As for whether you'd be better able to cope if you were working and had a bit more money - I dunno - I am in that situation but wish I could give it up and stay at home. I feel so overwhelmed by it all at times (even on the ads!) I don't give it up though as a)can't reallt afford to and b) my GP advised not to make any major decisions while depressed and while I am managing the depression through the medication I am still not sure running from something is the solution. Bet I'd start to find problems with being at home if I did that.

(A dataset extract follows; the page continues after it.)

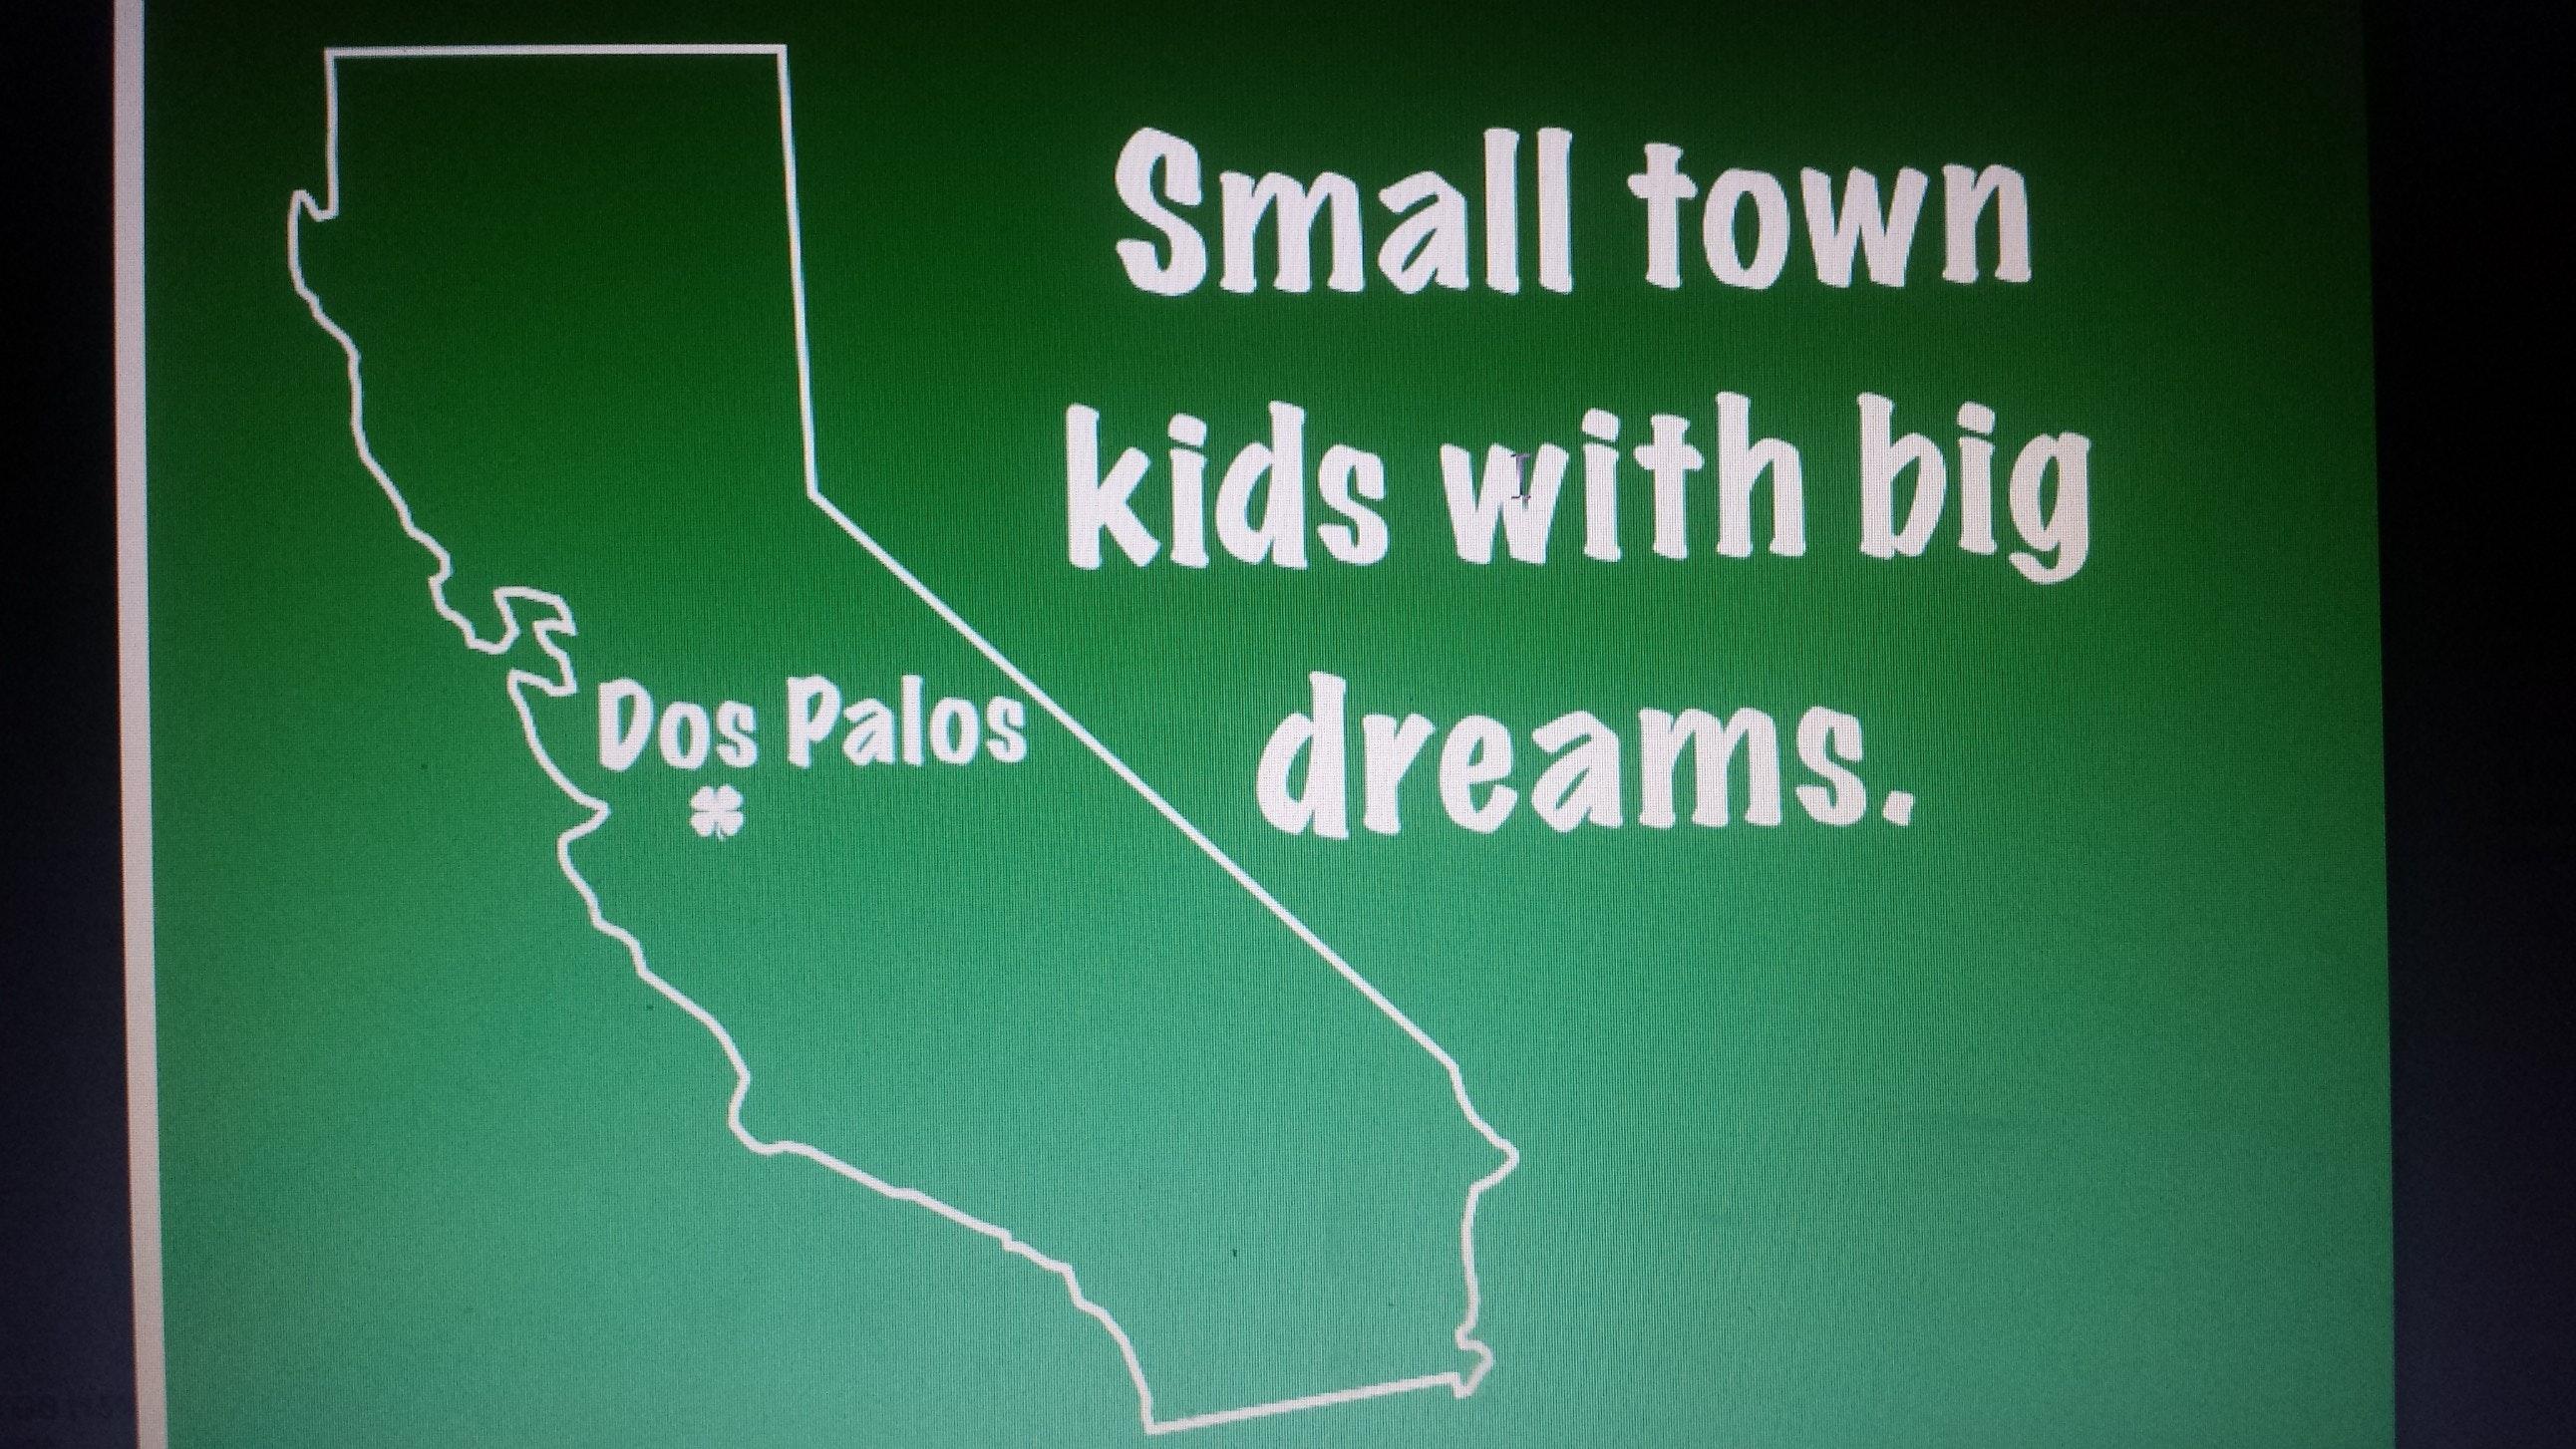 Dos Palos Community 4-H

Could you get a part time job? I think that would be my ideal. A little bit of everything.
Good luck! really hope they help
i will call them. they probably think i've been having such a fabulous summer i haven't had time to meet up, when in fact i'm still in my pyjamas makin my way through the huge bottomless laundry pile.
baby awake now, so will log off.
thanks for all your replies. i appreciate it.
i got a part time job a couple of months ago. it's minimum wage and i'm way overqualified but it's a break from the kids. and a break for them from me. it's only a few hours a week so not exactly helping financially tbh.
regularly. it's a tough decision, and i'm glad i gave up my job when i did as it allowed me to step off the treadmill. the depression lifted and life improved.
unfortunately now, i'm realising it's not going to be so easy to just get back on the treadmill when i want to. so i don't know what the answer is there.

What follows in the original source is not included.